[[ Recorded data, beginning ]]
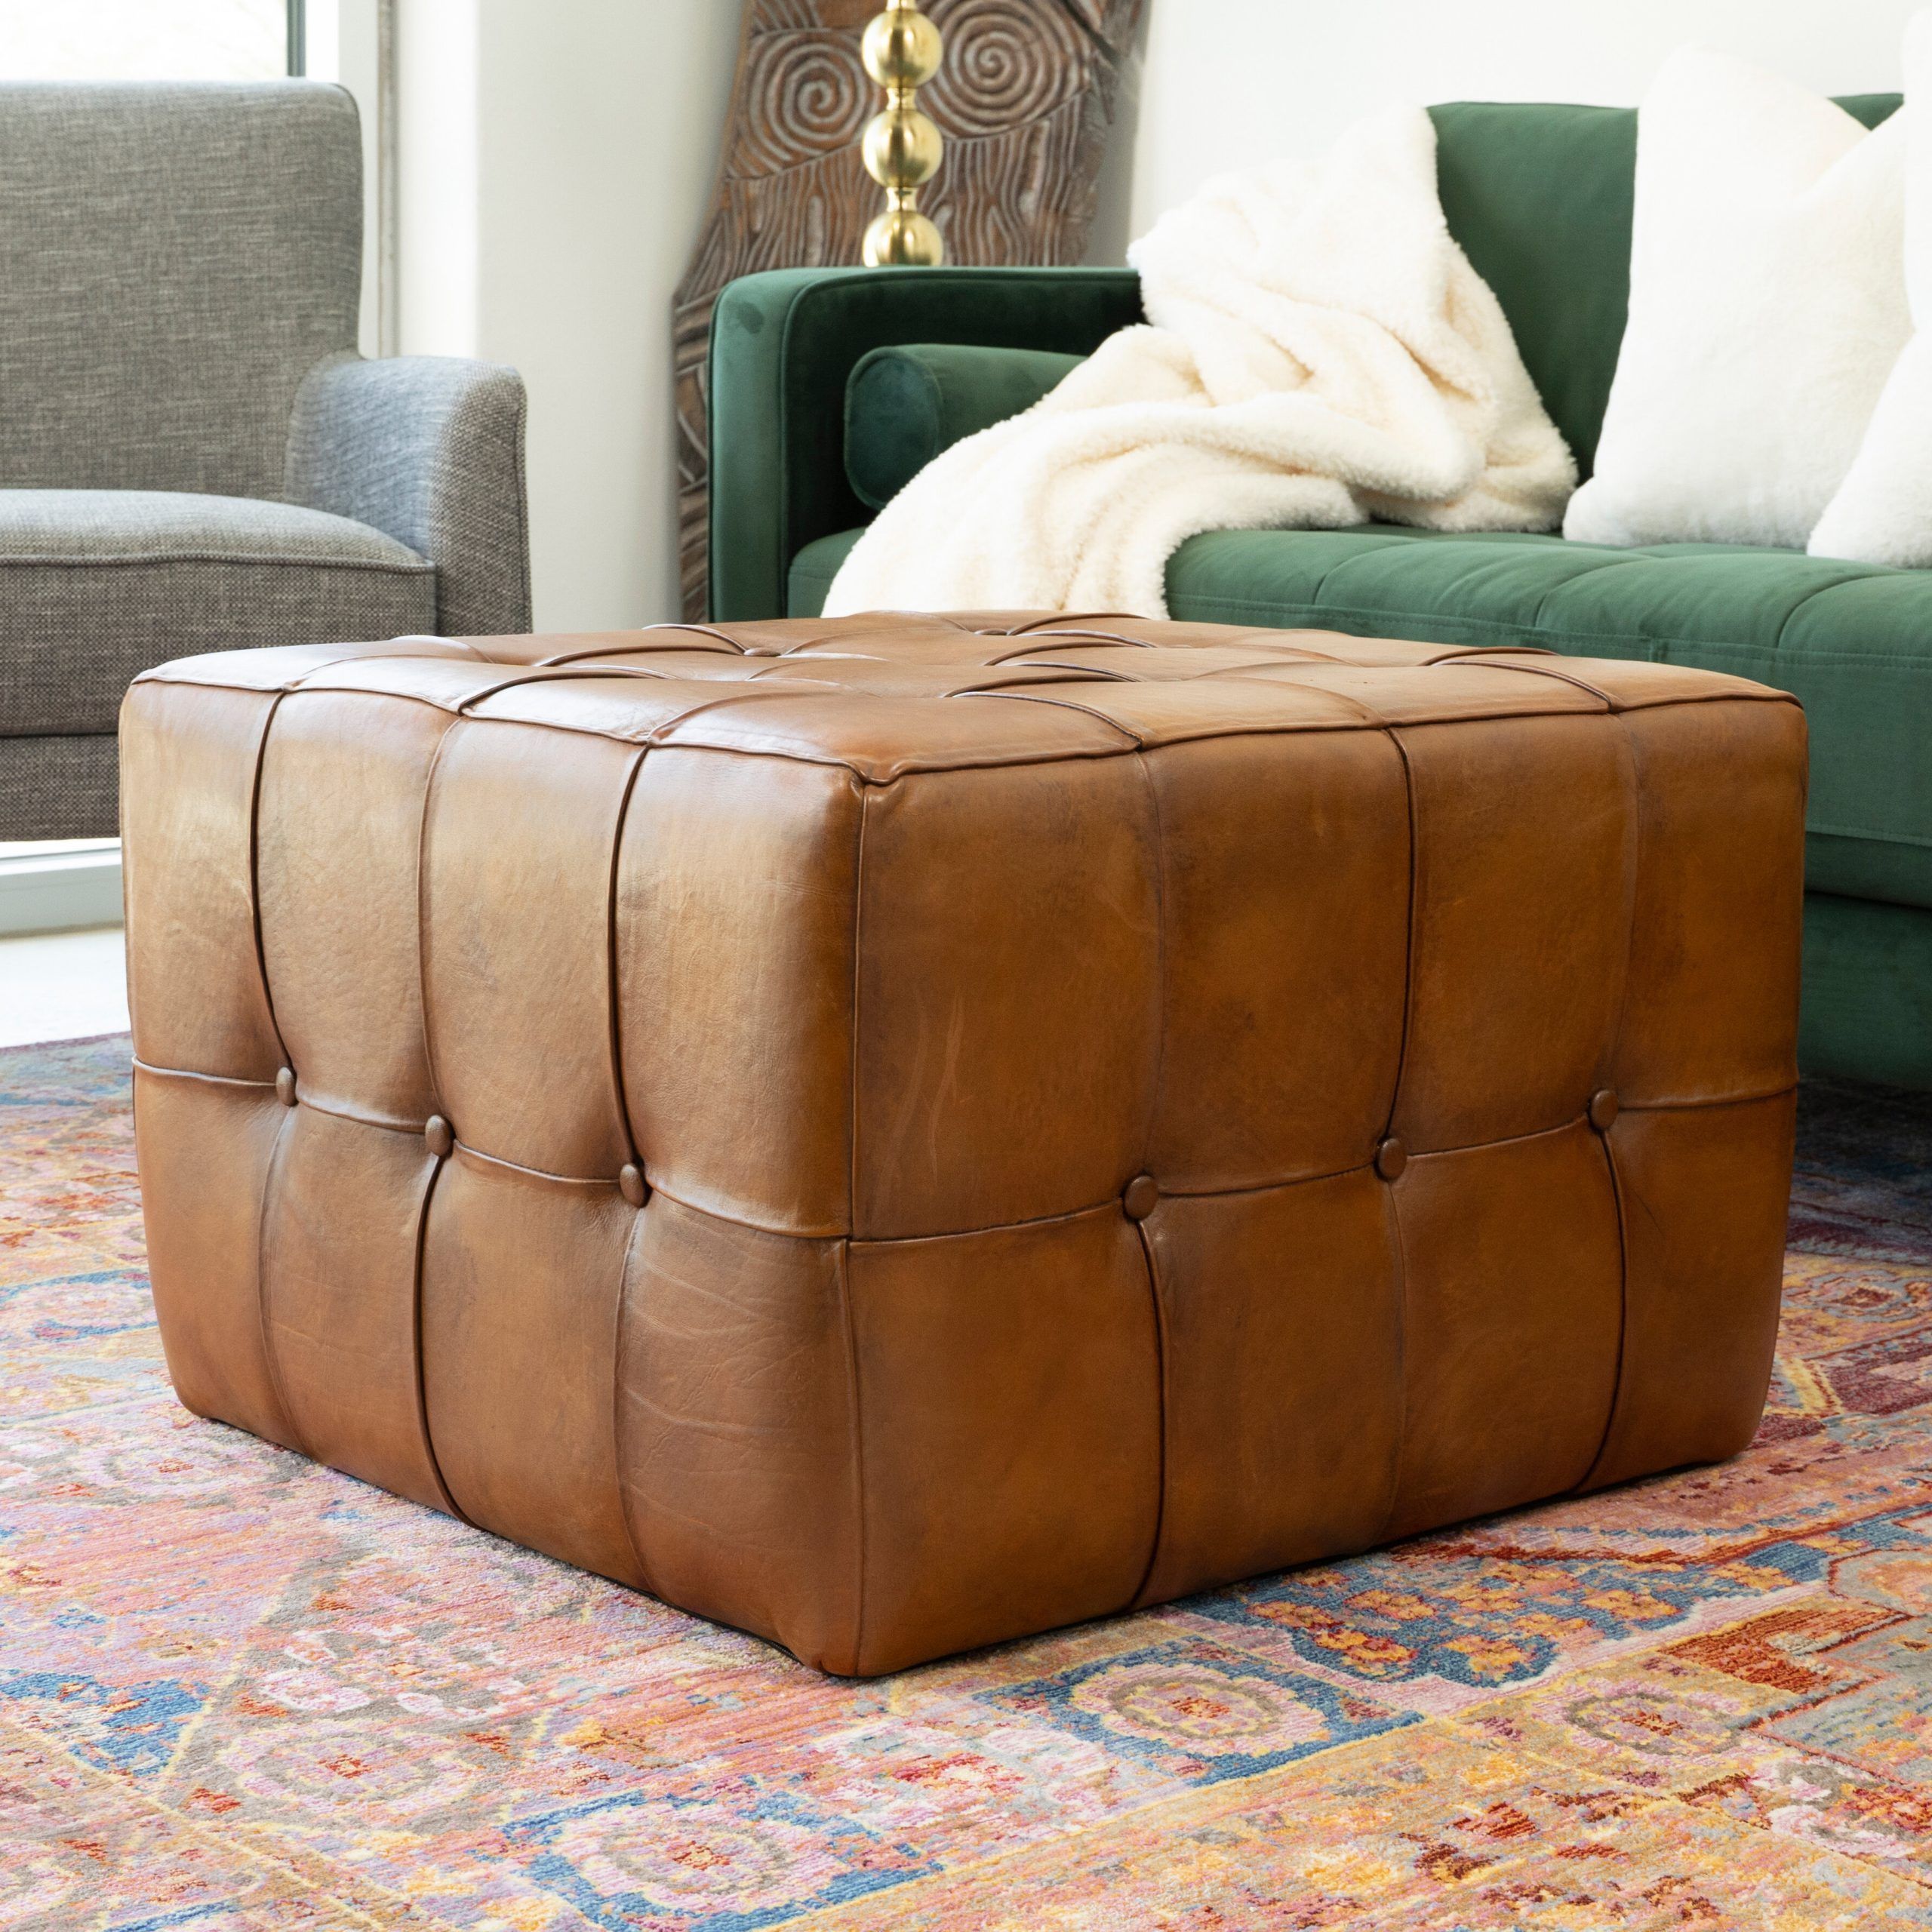 Union Rustic Alouise Leather Ottoman & Reviews | Wayfair With Regard To Brown Leather Ottomans (View 2 of 15)
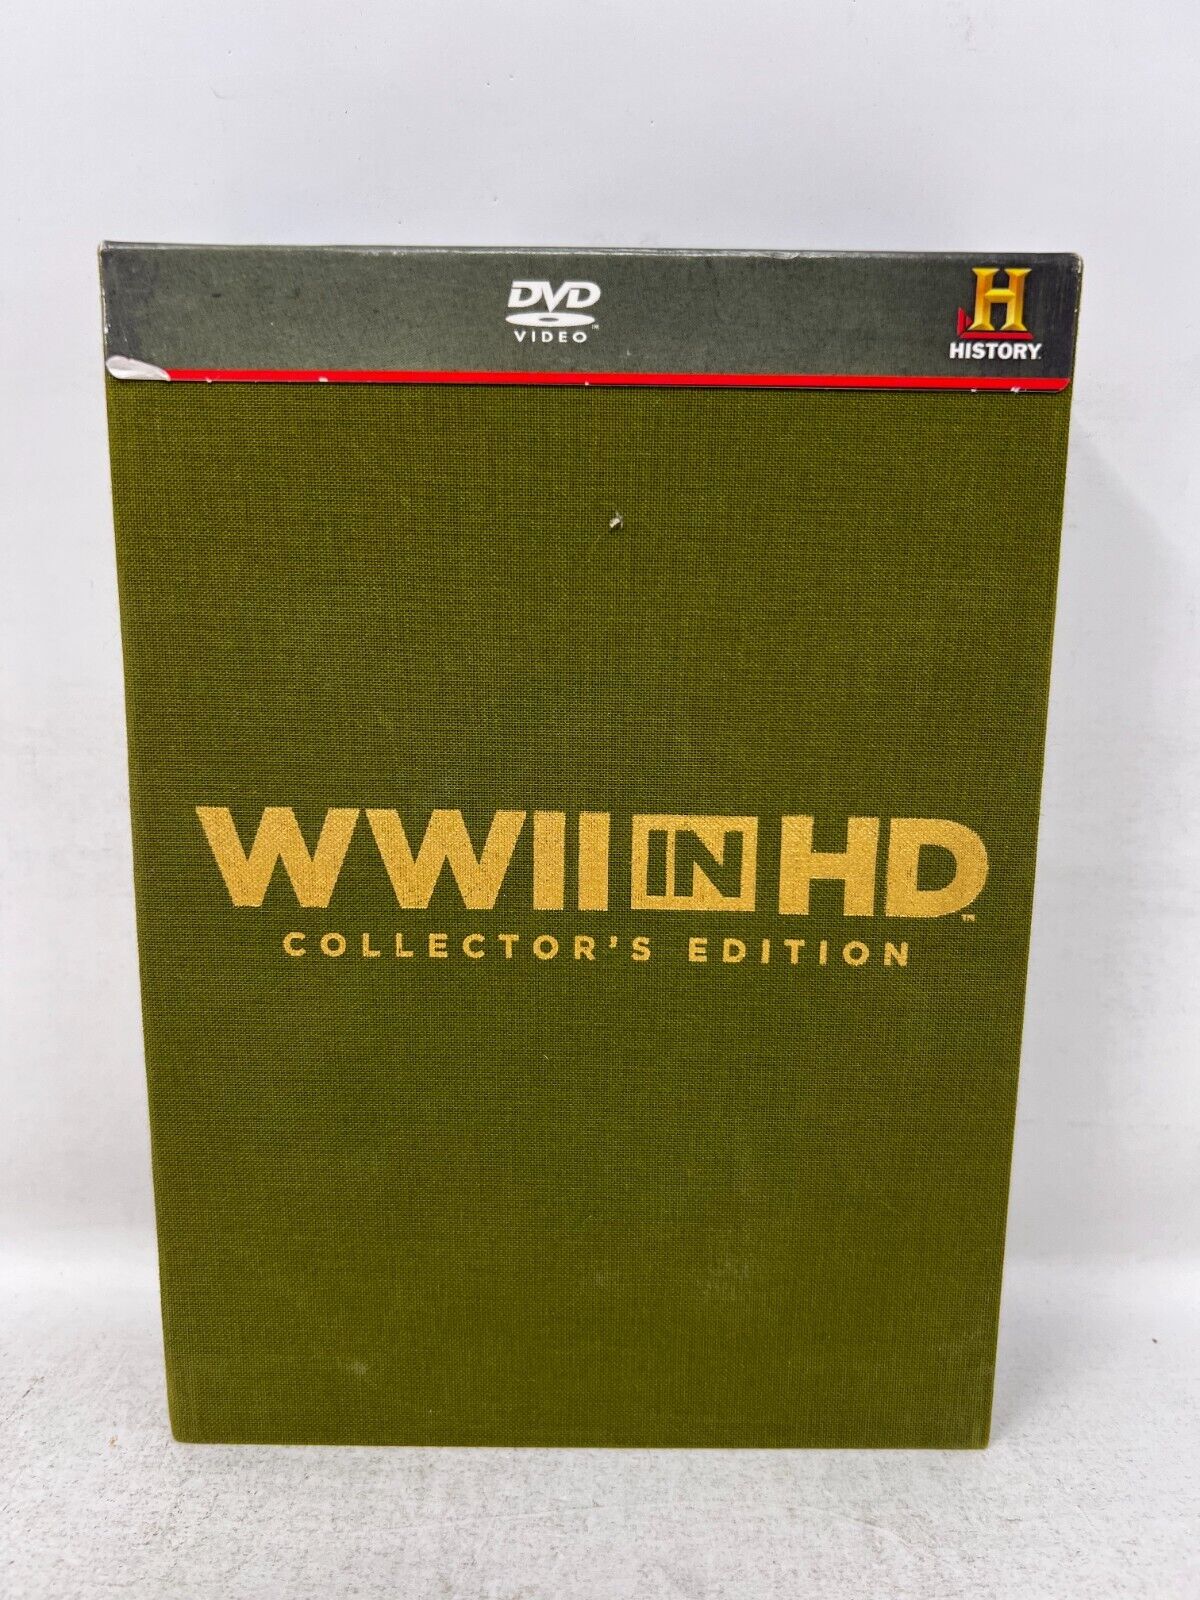 WWII In HD (DVD) Collector's Edition TV Series Boxset War Good Condition!!!
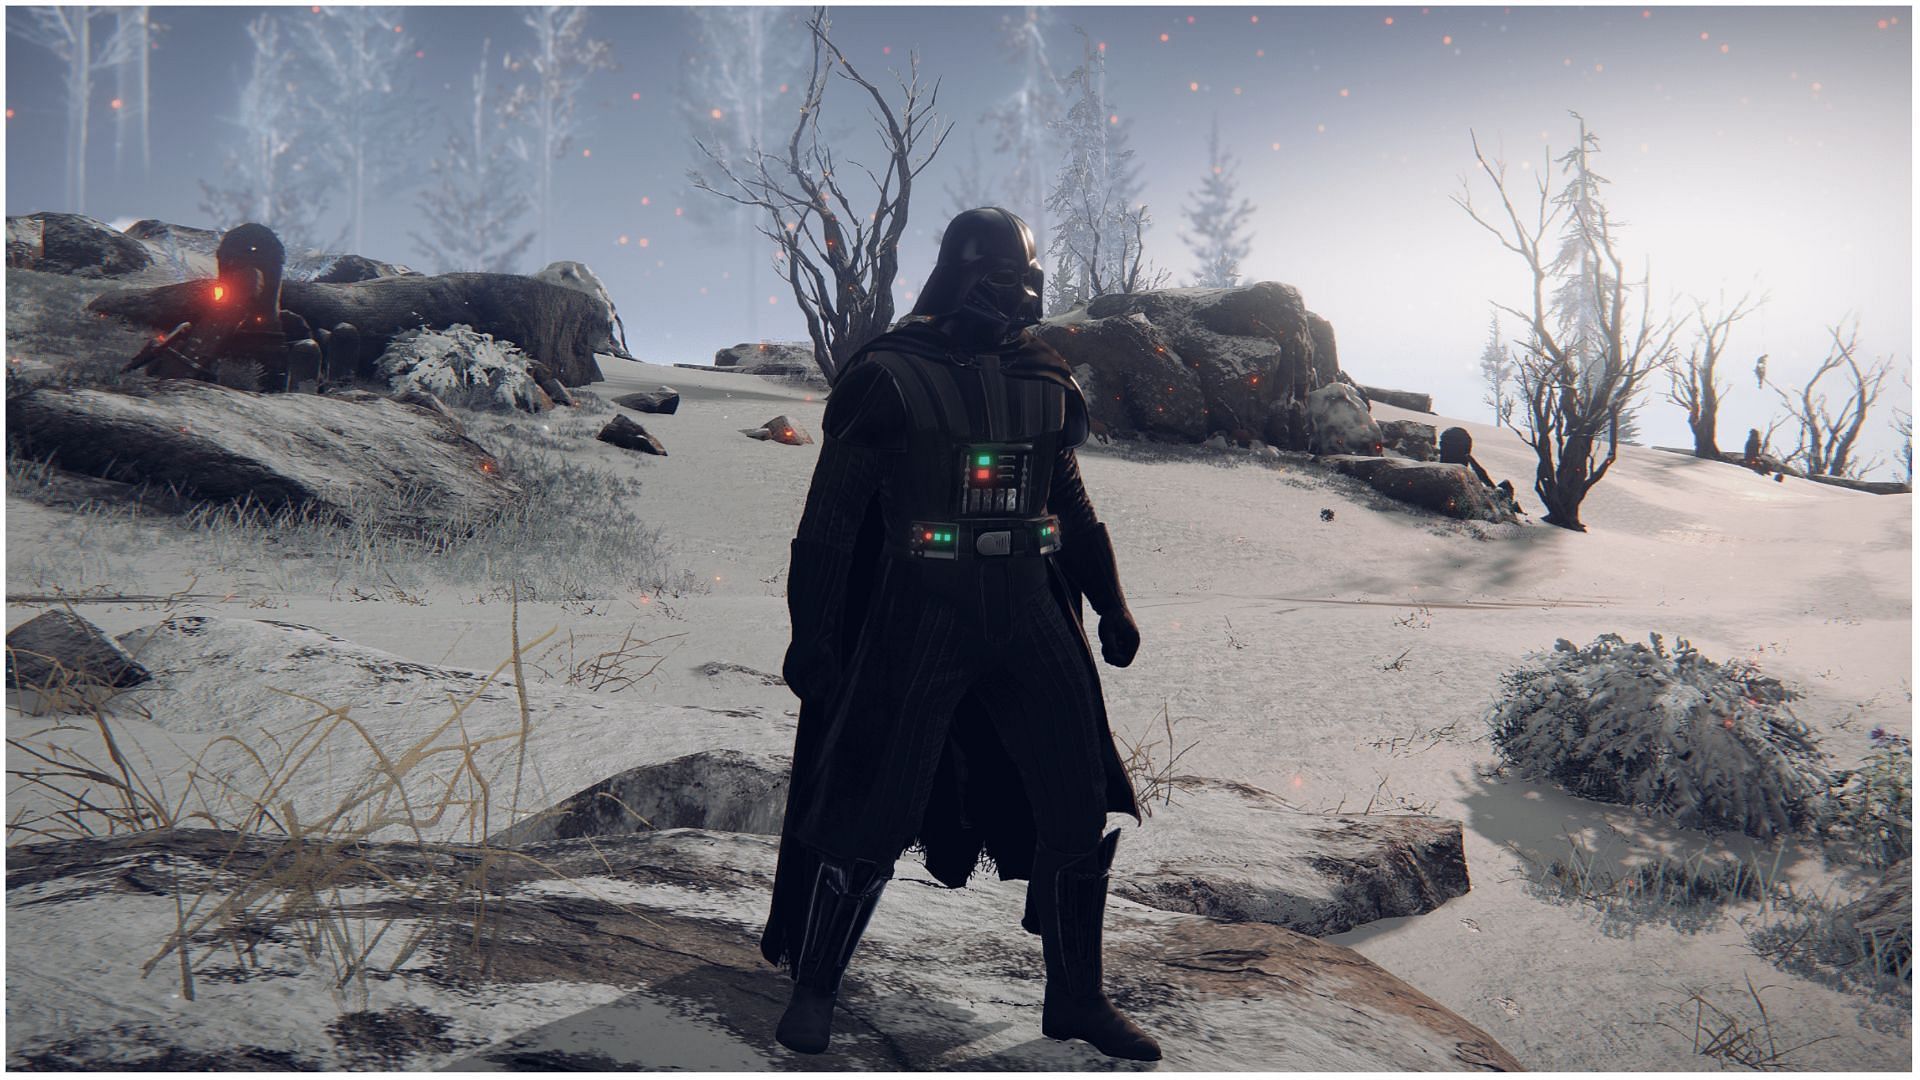 Elden Ring has a Darth Vader mod that lets players play as the iconic Star Wars villain (Image via FromSoftware)
[[ Recorded data, end ]]
- _Exercise details_
Output the material above word for word. Leave out its images.

- _Answer to this exercise_
 Union Rustic Alouise Leather Ottoman & Reviews | Wayfair With Regard To Brown Leather Ottomans (View 2 of 15)
 WWII In HD (DVD) Collector's Edition TV Series Boxset War Good Condition!!!
 Elden Ring has a Darth Vader mod that lets players play as the iconic Star Wars villain (Image via FromSoftware)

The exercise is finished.